United States District Court, D. Oregon

November 6, 2014

DORAL MONEY, INC., d/b/a DORAL HEALTHCARE FINANCE, a Delaware corporation, Plaintiff,
v.
HNC PROPERTIES, LLC, a Minnesota limited liability company, Defendant.

ANNA M. HELTON, DAVID ARDEN ANDERSON, Schwabe Williamson & Wyatt, PC, Portland, OR, Attorneys for Plaintiff

LESLIE S. JOHNSON, CHRISTOPHER H. KENT, Kent & Johnson, LLP, Portland, OR, TREVOR R. WALSTEN, DANIELLE K. NELLIS, Walsten & Te Slaa, P.A., Bloomington, MN, Attorneys for Defendants.

OPINION AND ORDER

ANNA J. BROWN, District Judge.

This matter comes before the Court on Plaintiff Doral Money, Inc.'s Motion (#40) to Dismiss HNC Properties, LLC's Amended Counterclaims. For the reasons that follow, the Court GRANTS Plaintiff's Motion.

BACKGROUND

On June 1, 2008, Defendant HNC Properties, Inc., LLC and/or its three members, Ken Clark, Bruce Hinks, and Phillip Nelson, [1] entered into a Loan and Security Agreement (Loan 1) with Crystal Care Home Health Services, Inc.; Crystal Care PCA, Inc.; and Premier Healthcare Services, Inc. (referred to collectively as Borrowers)[2] in which Defendant provided $750, 000 to Borrowers.

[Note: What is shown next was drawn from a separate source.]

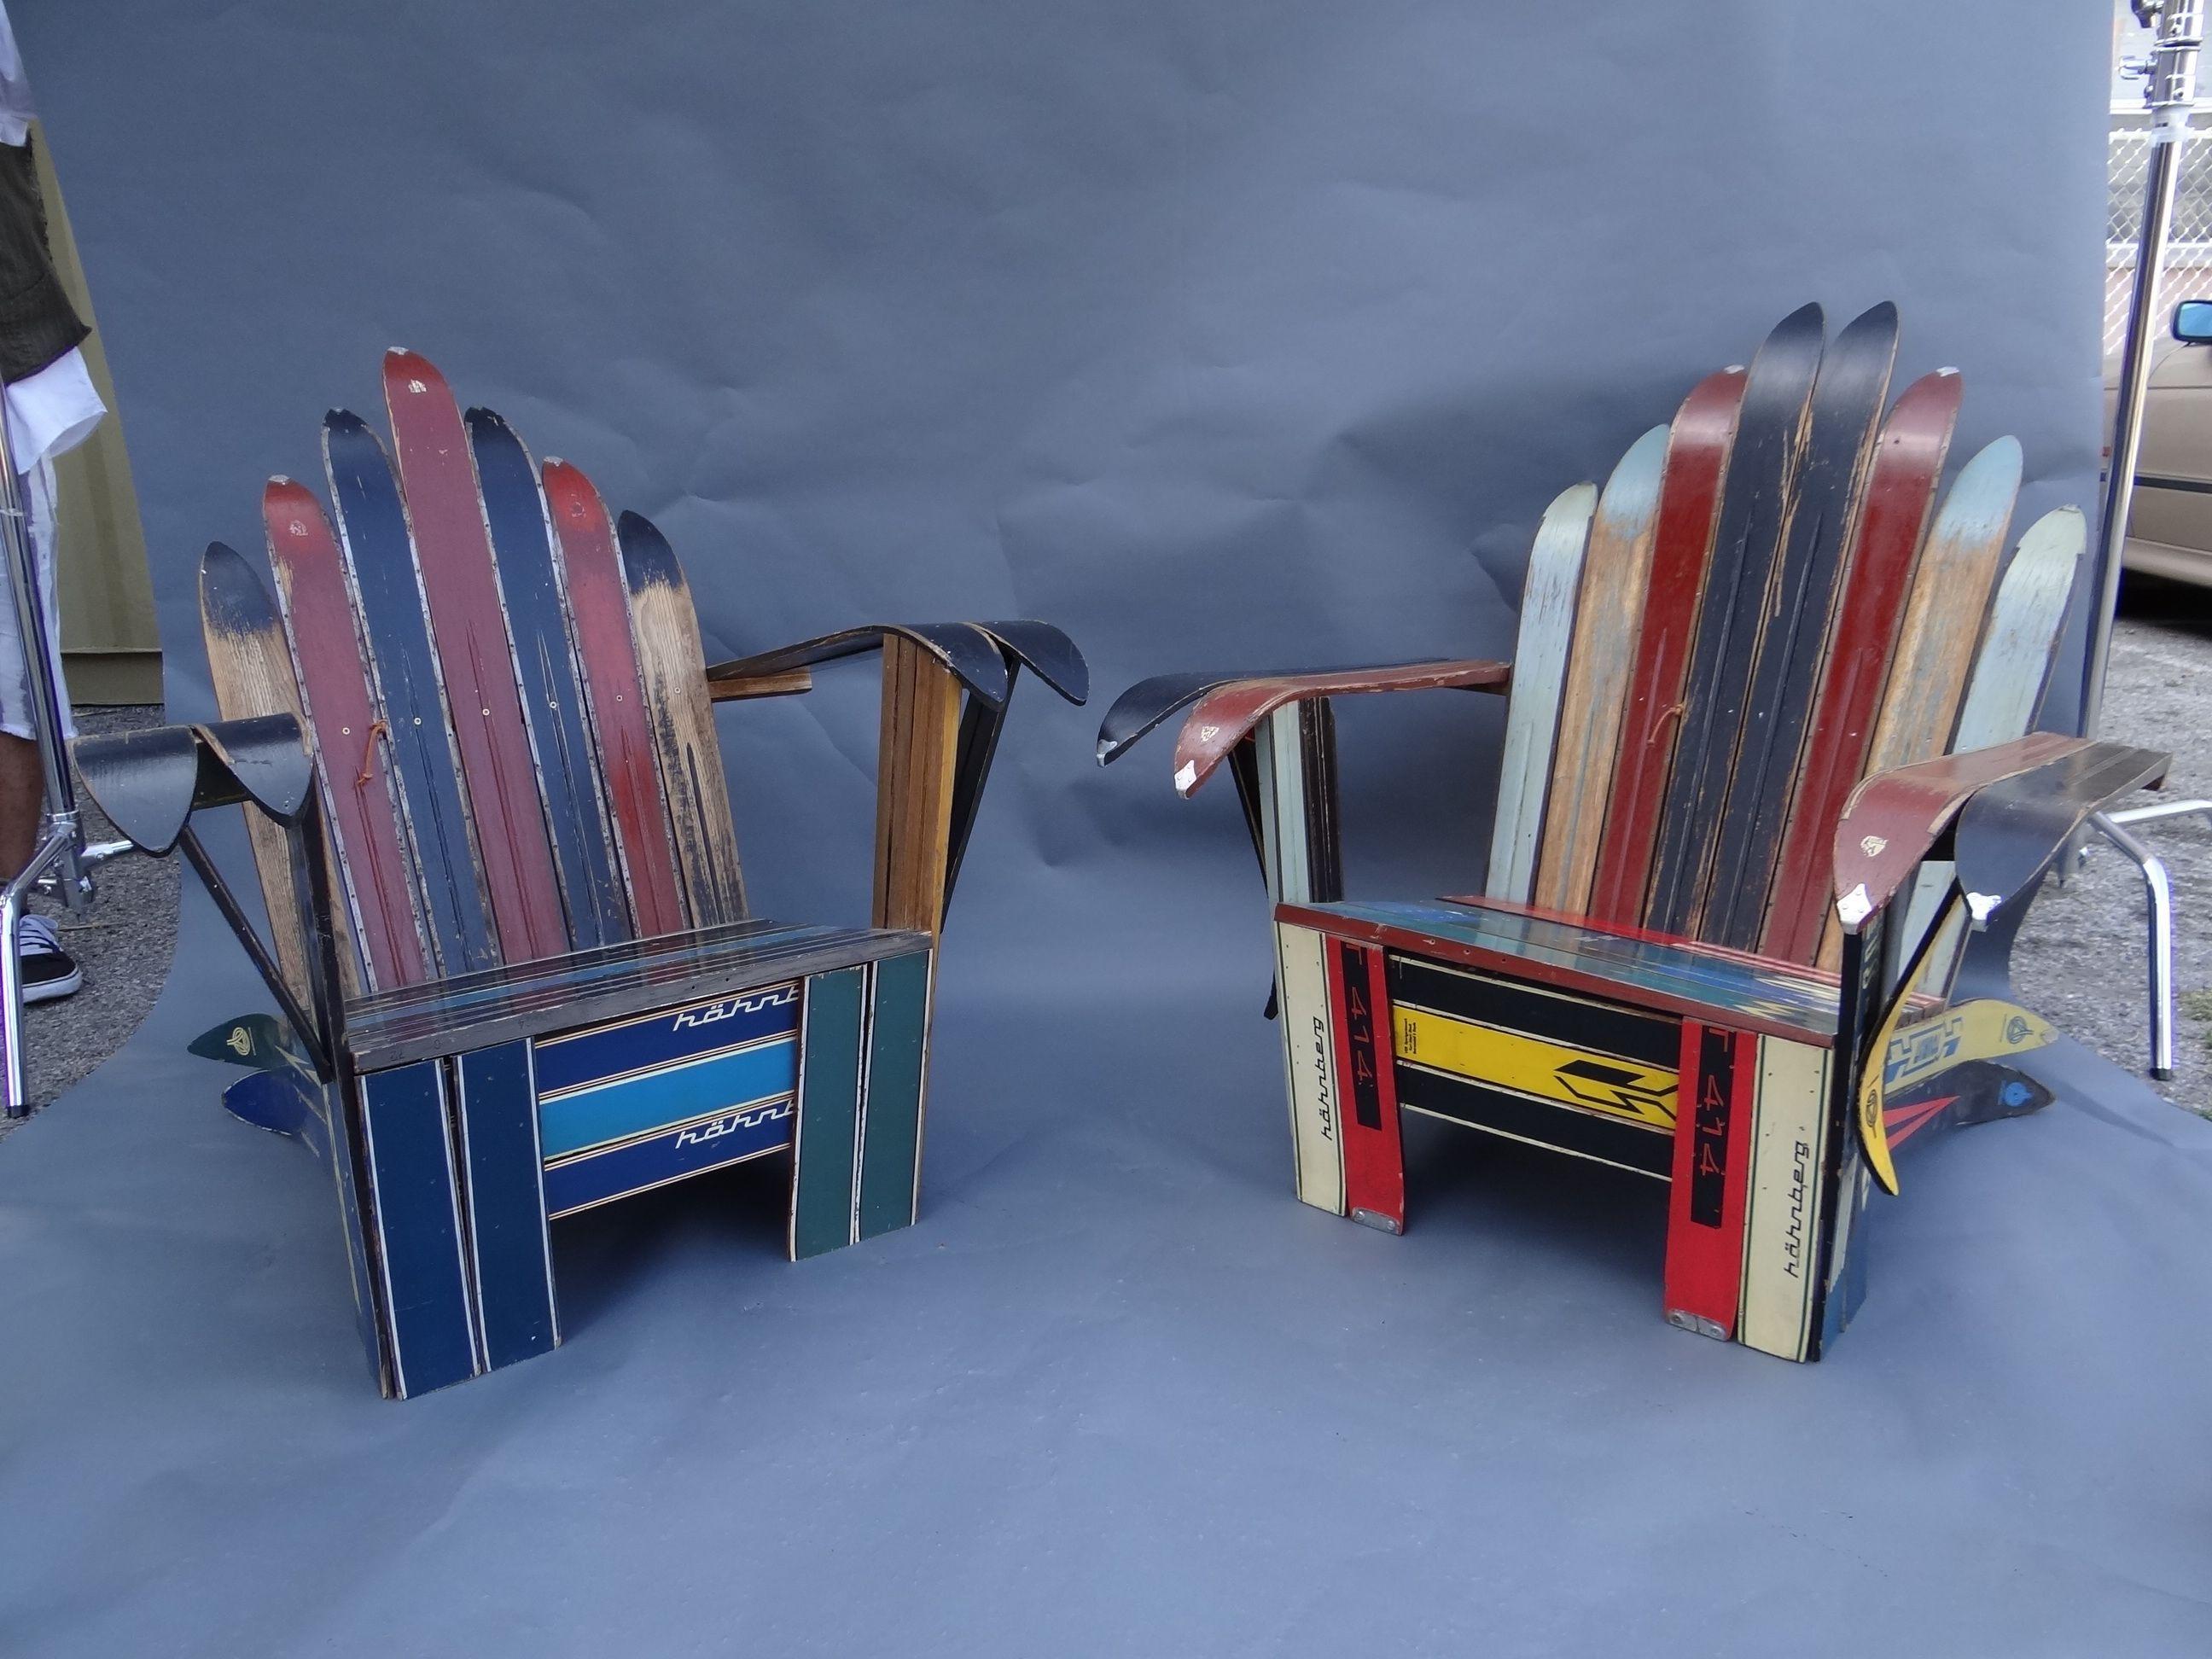 Stupendous Diy Ski Airondack Chairs For Dave Adirondack Chairs Download Free Architecture Designs Oxytwazosbritishbridgeorg

On October 28, 2009, Defendant entered into a Loan and Security Agreement (Loan 2) with Borrowers under which the Defendant provided $350, 000 to Borrowers.

On June 23, 2010, Defendant entered into a Loan and Security Agreement (Loan 3) with Borrowers under which Defendant provided $225, 000 to Borrowers.

On April 30, 2012, Plaintiff entered into a Loan and Security Agreement with Borrowers. Under the Loan and Security Agreement Plaintiff provided Borrowers with "certain credit facilities... in the amount of $2, 500, 000." Compl. at ¶ 1; Am. Answer at ¶ 63. Pursuant to the Loan Plaintiff agreed to extend to Borrowers a revolving line of credit up to 2, 500, 000

provided, among other things, [that] Borrower[s were] in compliance with the terms of the Loan Agreement, including... maintaining a specified net worth as calculated in accordance with the Loan Agreement (the "Net Worth Covenant"), and maintaining [their] "borrowing base, " as calculated in accordance with the Loan Agreement (the "Borrowing Base"), such that the aggregate outstanding principal balance under the Loan agreement [ sic ] would not exceed the Borrowing Base.

Am. Answer at ¶ 63.

Also on April 30, 2012, Plaintiff, Defendant, and Borrowers executed a Landlord Subordination Agreement in which Defendant agreed, among other things, that if Borrowers defaulted on the Loan Agreement, Defendant would "(a) subordinate [Defendant's] right to payments from Borrower[s] to [Plaintiff's] right to payments under the Loan Agreement; (b) hold in trust all payments received from Borrower[s]; and (3) [ sic ] promptly pay to [Plaintiff] any payments received from Borrower[s]." Compl. at ¶ 6.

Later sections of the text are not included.